Work instructions: Pictures aside, return every line below exactly as written.

Exercise data:
=======

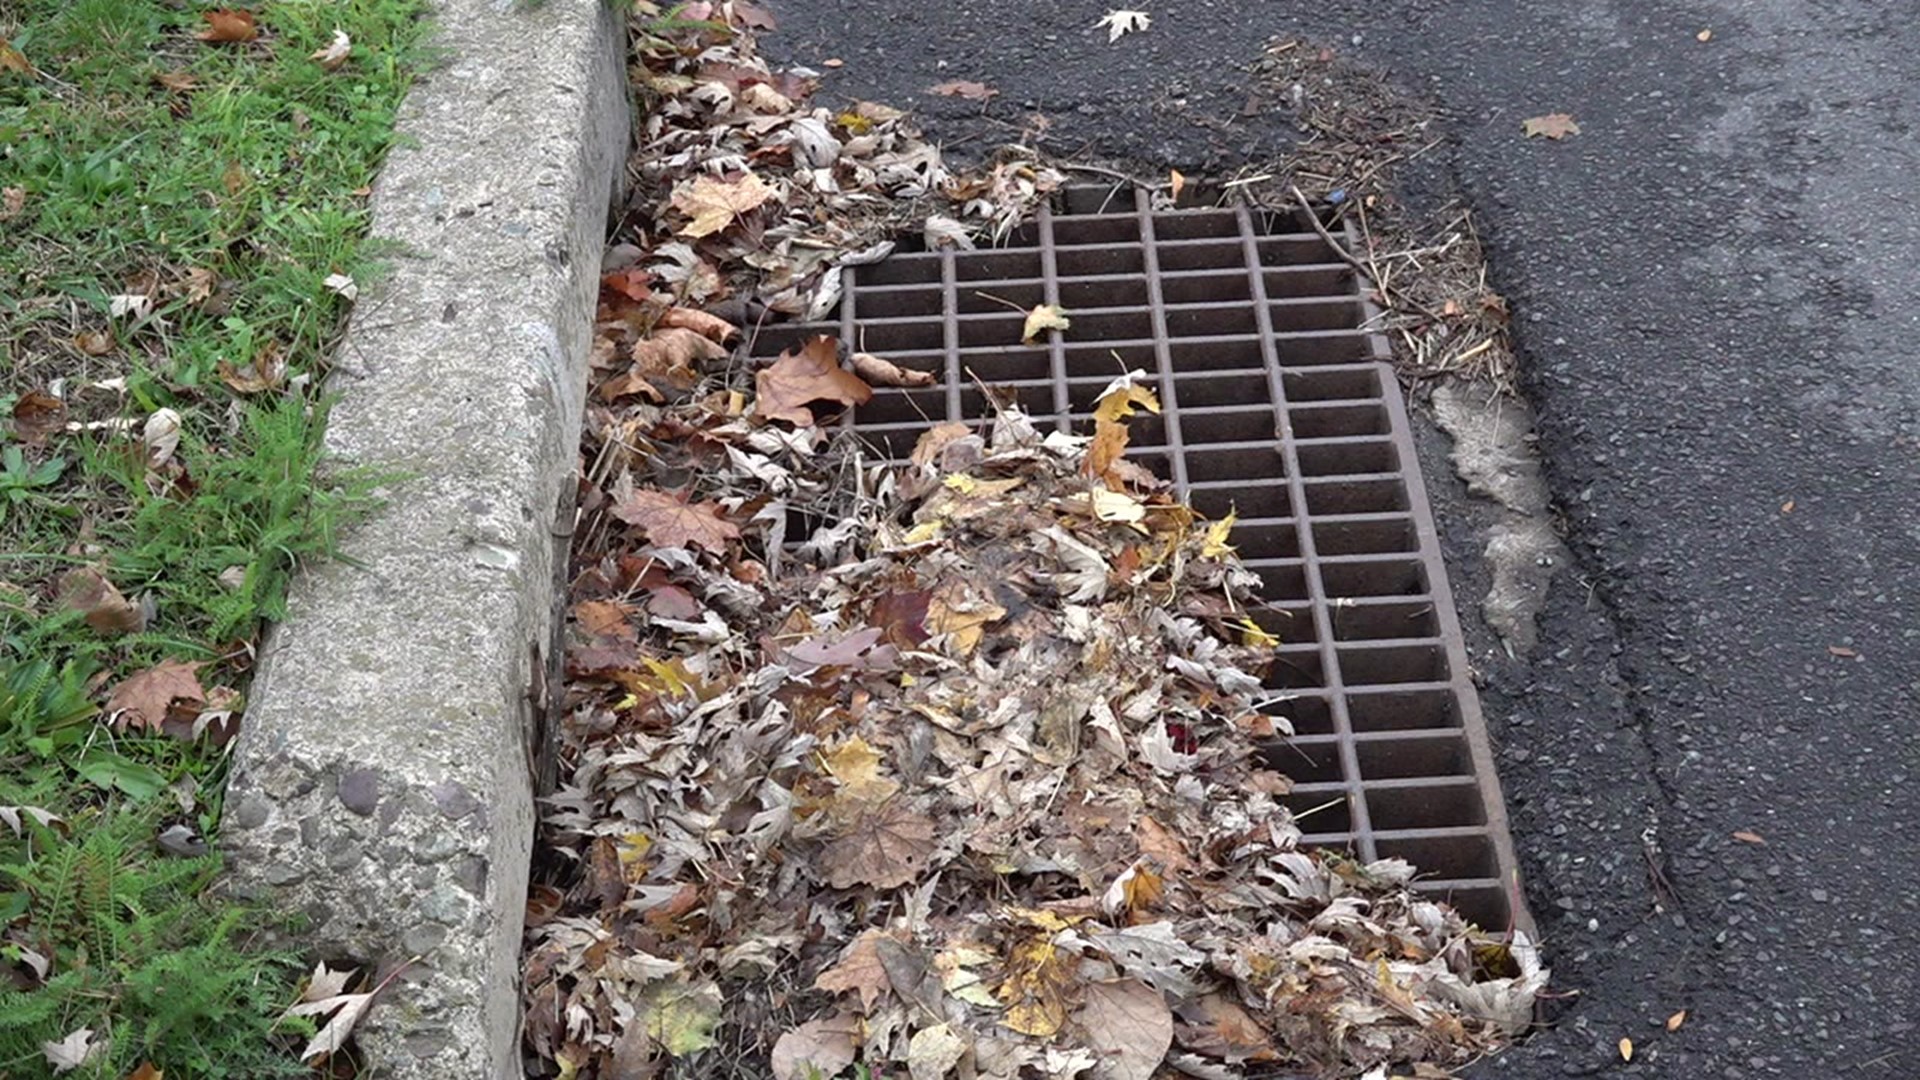 Newswatch 16's Claire Alfree shares how Pennsylvania American Water is calling on customers to help prevent leaves from clogging storm drains.
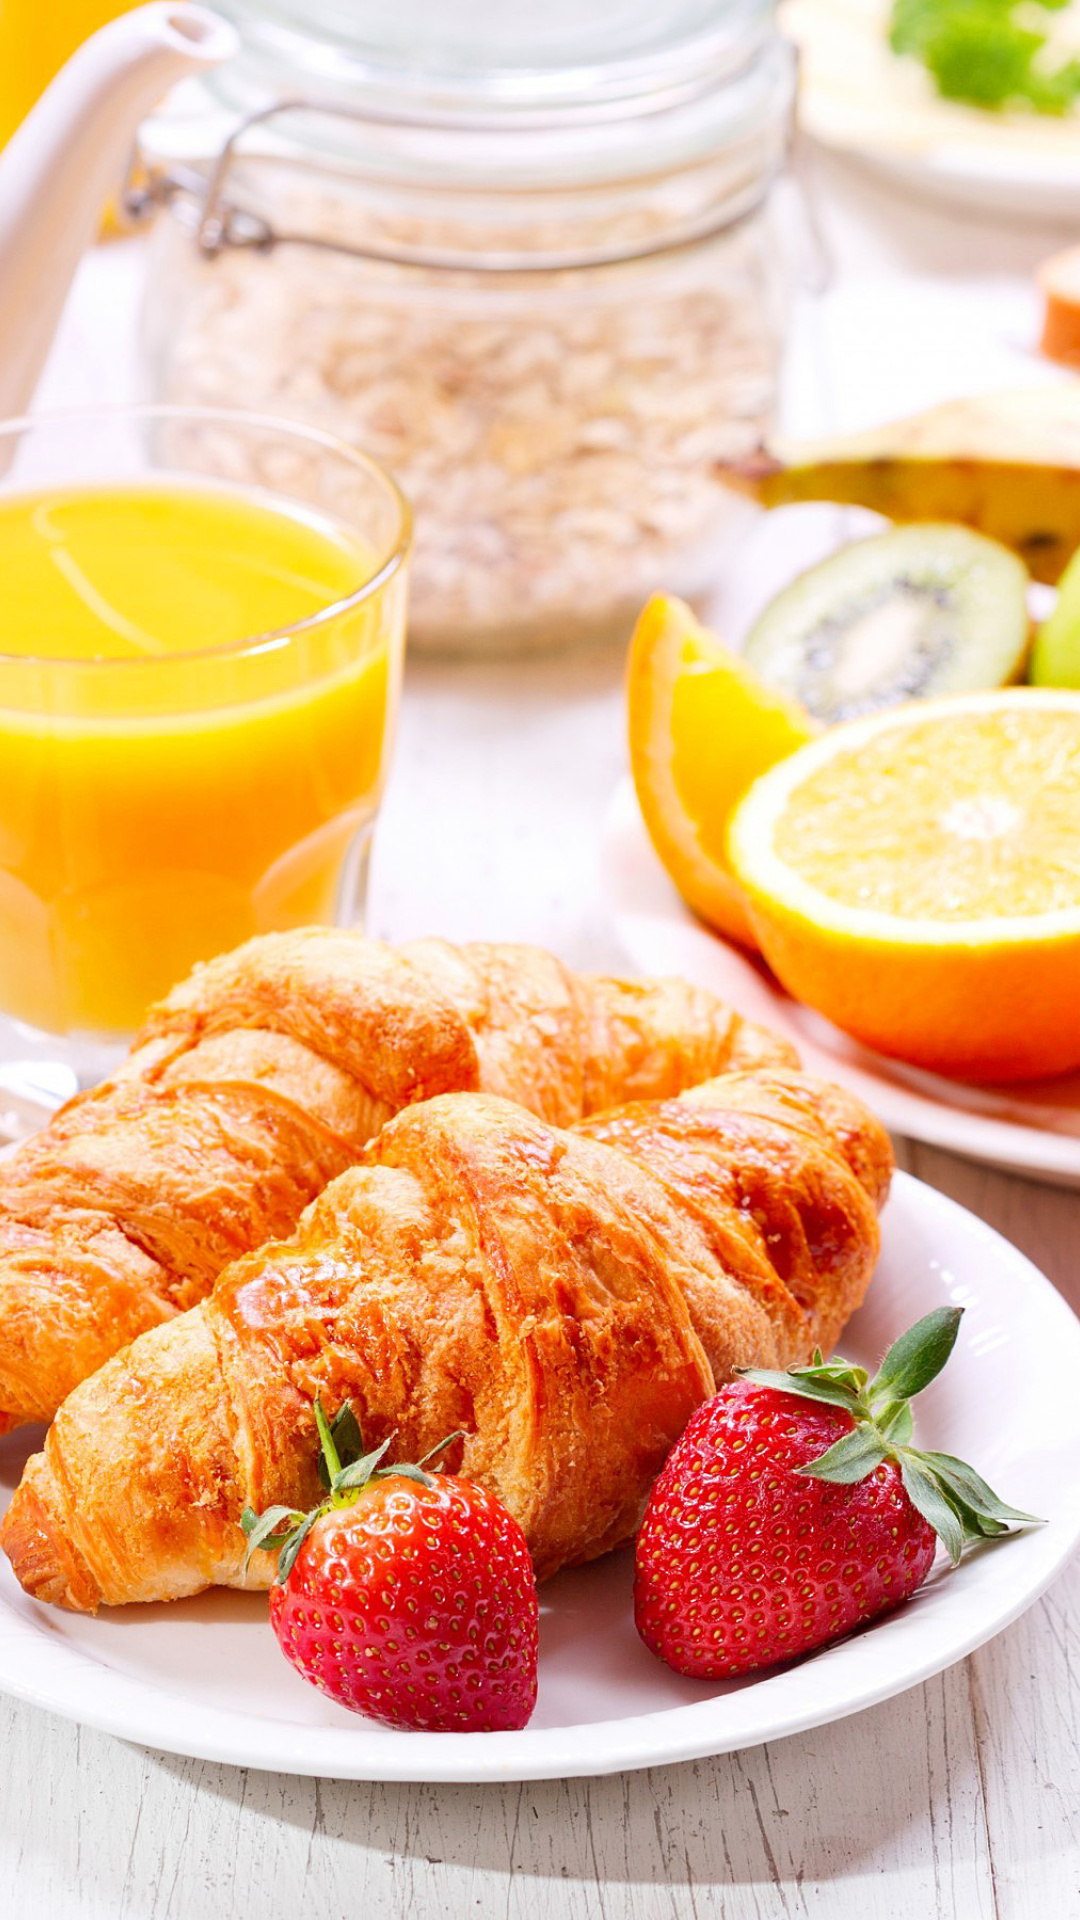 Das Breakfast with croissants and fruit Wallpaper 1080x1920
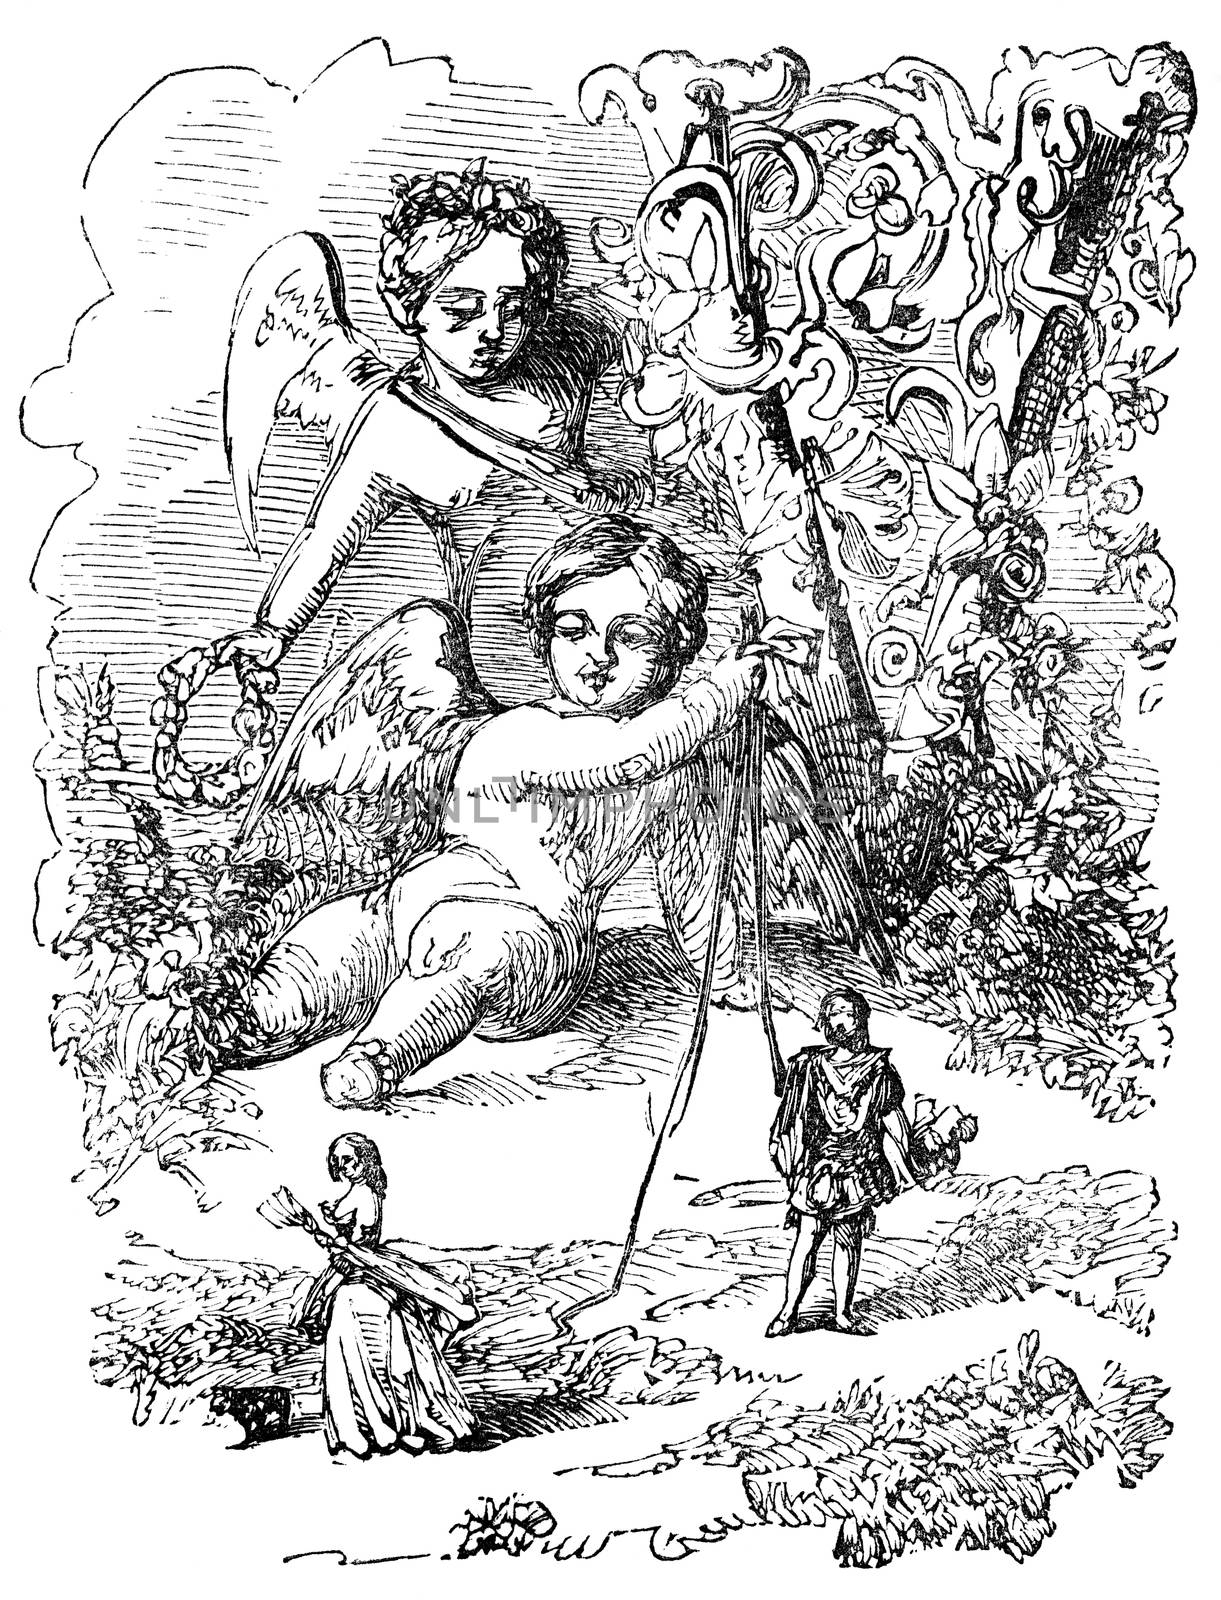 An engraved vintage romance love illustration image of the cherub Eros holding strings to draw lovers together, on St Valentine's Day, from a Victorian book dated 1883 that is no longer in copyright
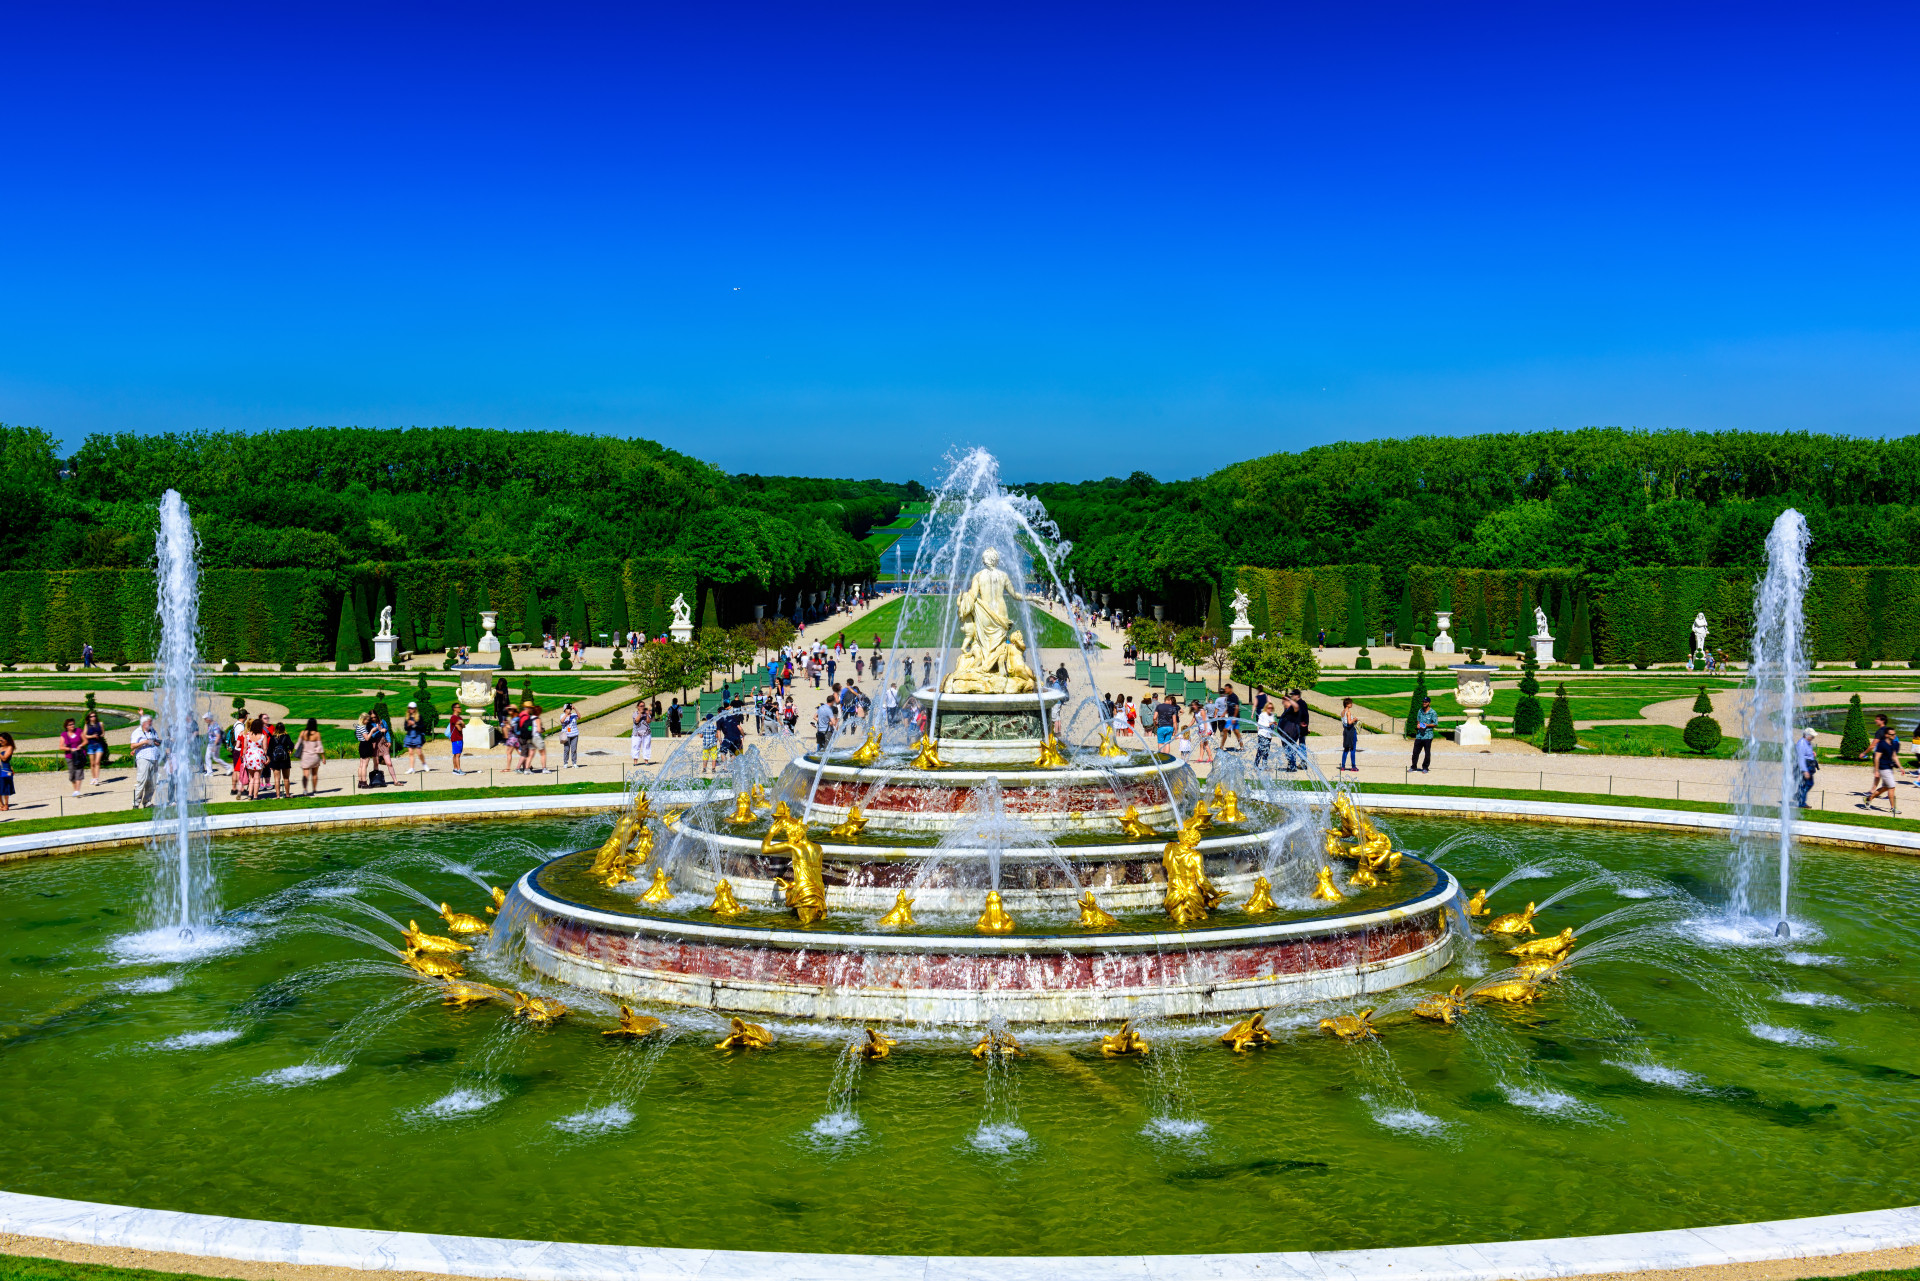 Outside the city is the historic Palace of Versailles. You will need to take a bus there, but a walk around the beautiful palace gardens is something you won't forget.<p>You may also like:<a href="https://www.starsinsider.com/n/192011?utm_source=msn.com&utm_medium=display&utm_campaign=referral_description&utm_content=208346v2en-sg"> British musicians who are almost deaf!</a></p>

=======

Task solution:
 Newswatch 16's Claire Alfree shares how Pennsylvania American Water is calling on customers to help prevent leaves from clogging storm drains.
 Das Breakfast with croissants and fruit Wallpaper 1080x1920
 An engraved vintage romance love illustration image of the cherub Eros holding strings to draw lovers together, on St Valentine's Day, from a Victorian book dated 1883 that is no longer in copyright
 Outside the city is the historic Palace of Versailles. You will need to take a bus there, but a walk around the beautiful palace gardens is something you won't forget.<p>You may also like:<a href="https://www.starsinsider.com/n/192011?utm_source=msn.com&utm_medium=display&utm_campaign=referral_description&utm_content=208346v2en-sg"> British musicians who are almost deaf!</a></p>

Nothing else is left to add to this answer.